Worthington Industries’ net sales declined by 35pc to $611.6mn during Q4 FY2020—which concluded ended May 31, 2020—from $938.8mn during the same quarter last year.
Net earnings were severely impacted by COVID-19 shutdowns, which affected production rates, inventories, and demand. The automotive industry represents 58pc of Worthington’s total sales, and they dropped to almost zero with because of shutdowns in that industry, according to statements in during the company’s earnings call. As a result, April was the most difficult month of the quarter because fewer orders.
Future quarters in fiscal year 2021 are expected to improve compared to fourth quarter 2020, but due to unknown variables specific earning or sales objectives are not being quantified. No material disruptions on supply chain as they proactively developed secondary supply sourcing over the past few years.

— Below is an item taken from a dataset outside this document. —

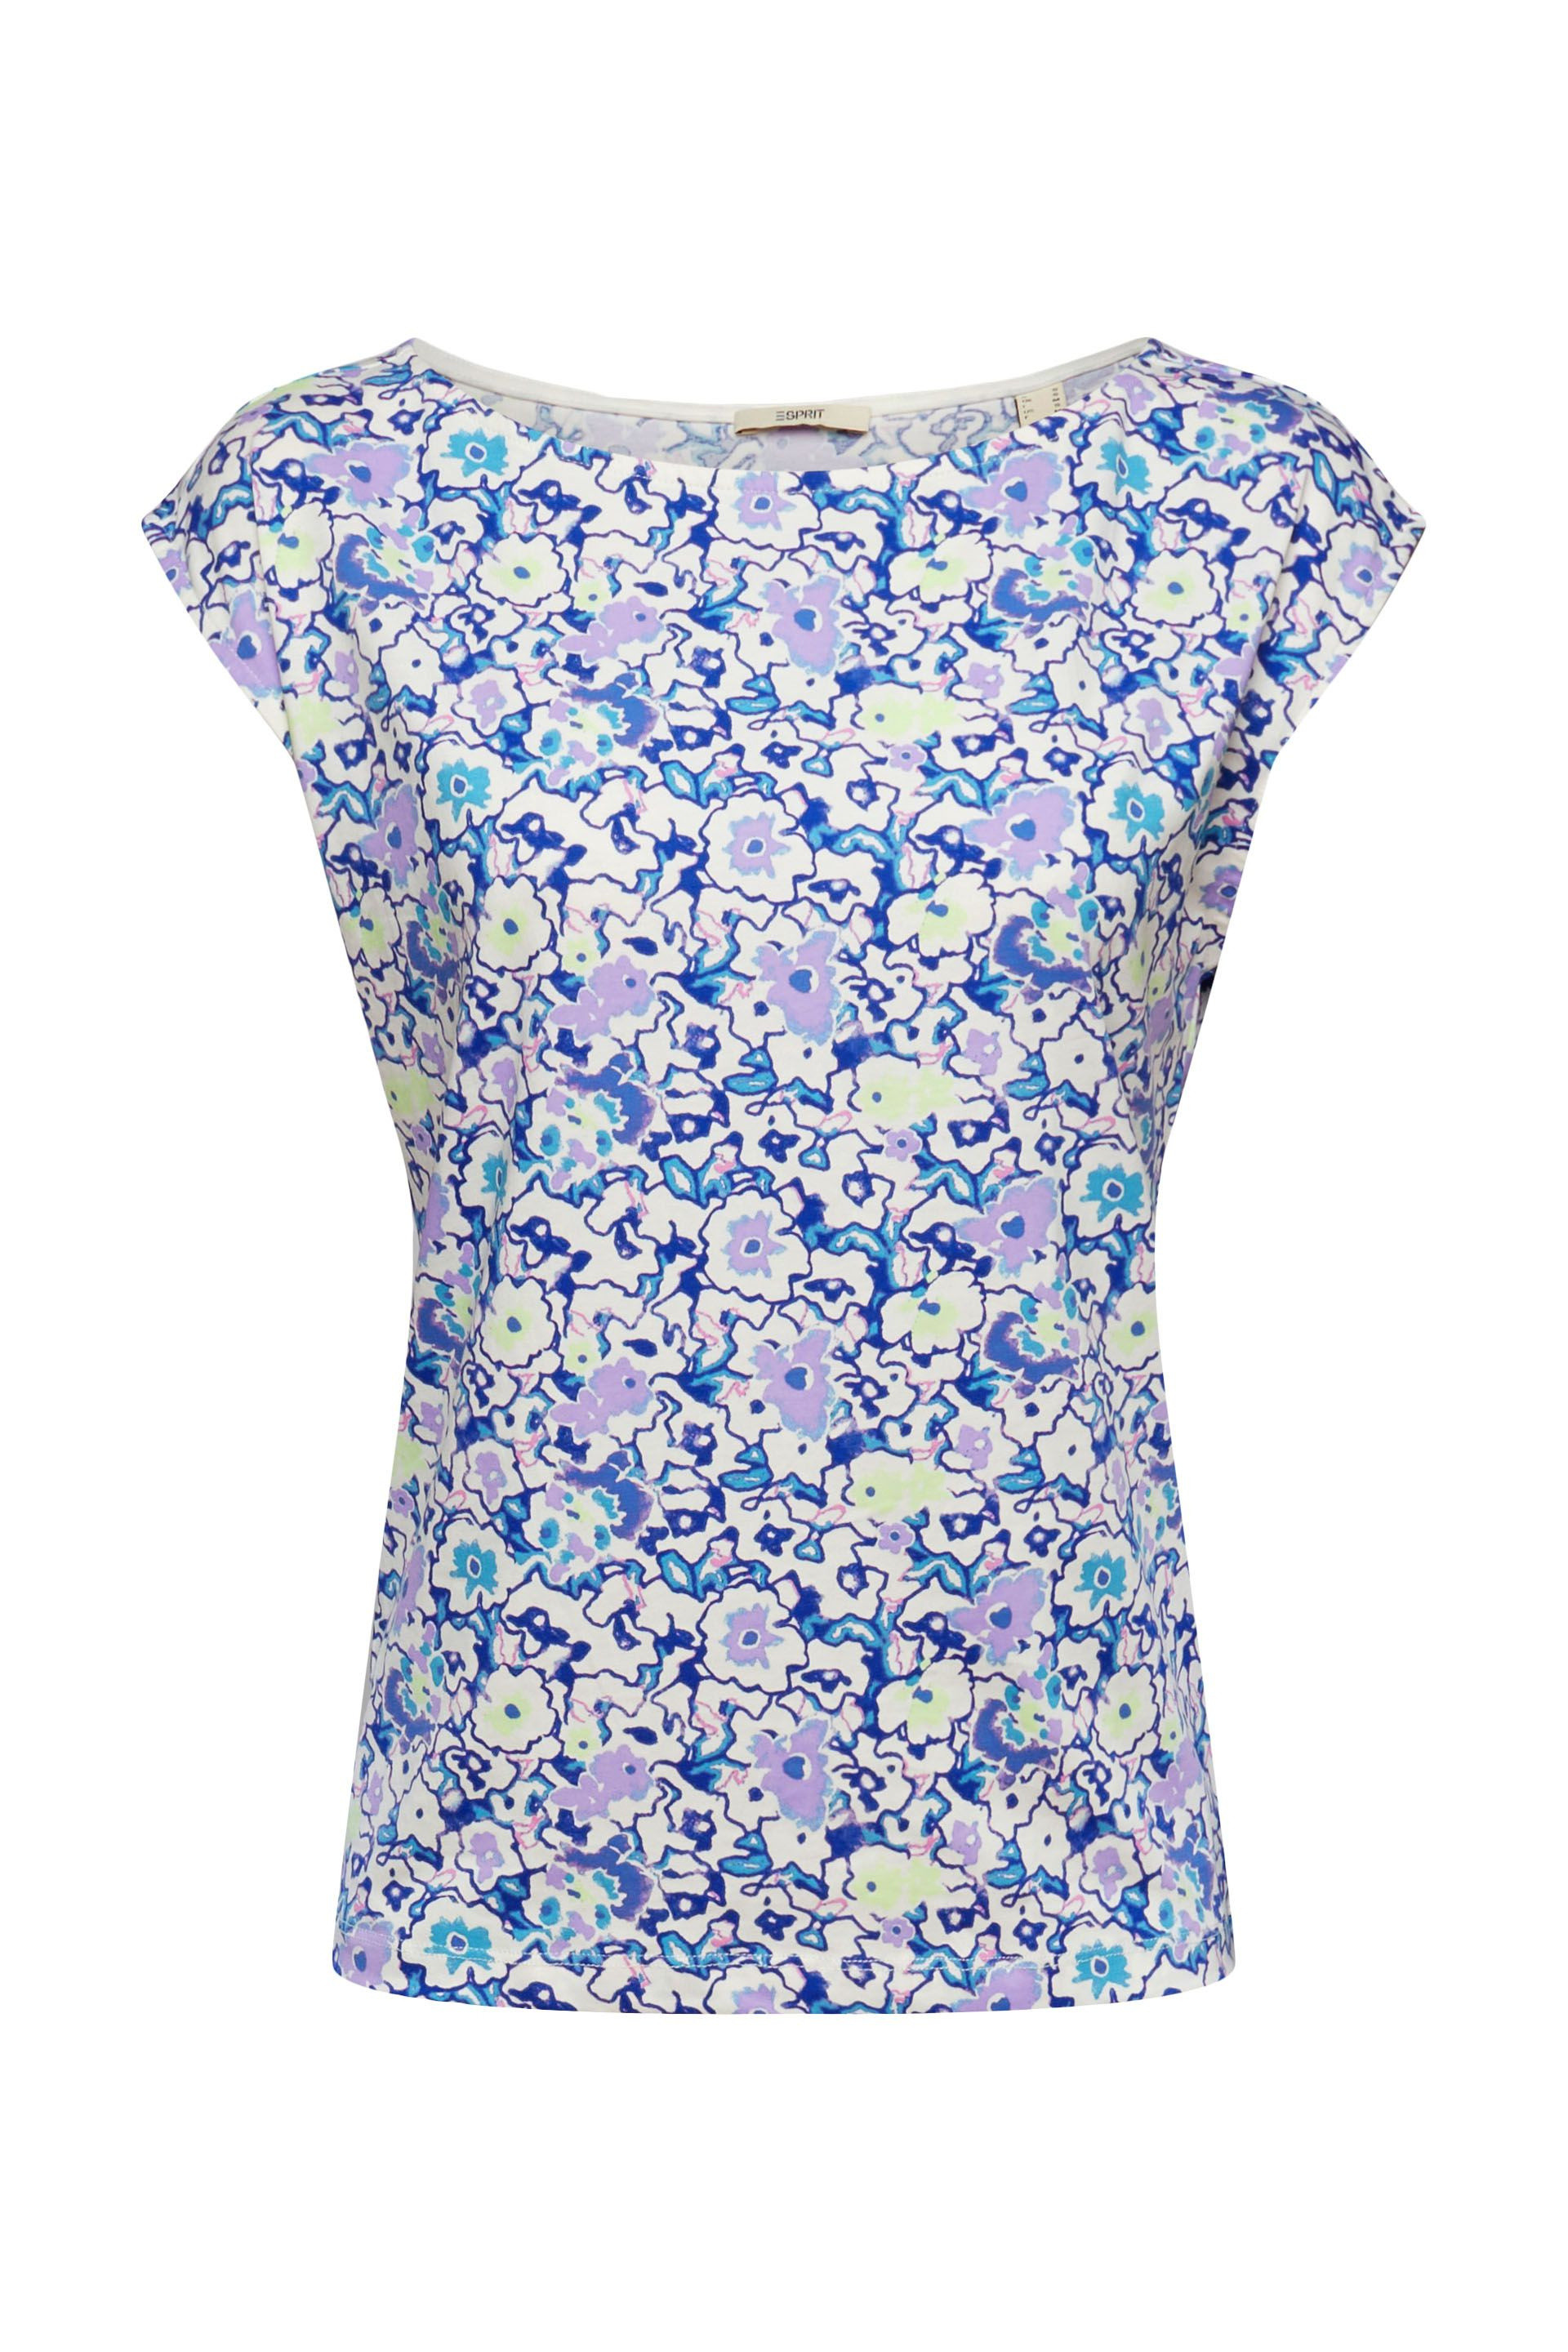 Esprit - Floral print T-shirt, Blue, large image number 0

Worthington reported net earnings of $16.2mn on net sales of $611.6mn, or a 3pc earning-to-sales ratio. Compared to the same quarter a year ago, the ratio declined only 1pc point from 4pc, with net earnings of $37.7mn on $938.8mn in net sales.
The firm’s operating income for the 12-month period in 2019 was $144.8mn against $22.5mn in 2020. The operating income-to-net sales ratio decreased from 4pc in FY2019 to less than 1pc in FY2020.
Steel processing net sales dropped by 44pc to $328.2mn in FY2020 compared to the same quarter the year prior. The decline occurred because of lower direct volume demand rather than by lower average selling prices. Steel processing contributed 54pc to the Q4 FY2020 net sales.
Pressure Cylinders for oil and gas customers declined by 12pc to $282.9mn Q4 FY2020 compared to the same quarter a year ago. The business segment, which contributed 46pc to total sales, was mainly affected by weakness in the industrial products segment, primarily in Europe. European market conditions were difficult before COVID-19 and worsened over the past few months.
As a result of COVID-19-induced shutdowns, the company implemented temporary layoffs. As of June 25, over half of furloughed workers were reinstated. Additionally, Worthington added cost reducing measures, like reducing travel, freezing new hires, and deferring non-essential capital investments.
Andy Rose, the company’s president, is slated to become chief executive offer effective Sept 1, 2020. John P. McConnell, current chief executive officer, will remain with the board as its executive chairman.
Ohio-based Worthington operates 56 facilities in 15 US states and six countries, carries 7,500 employees, and sells into over 90 countries.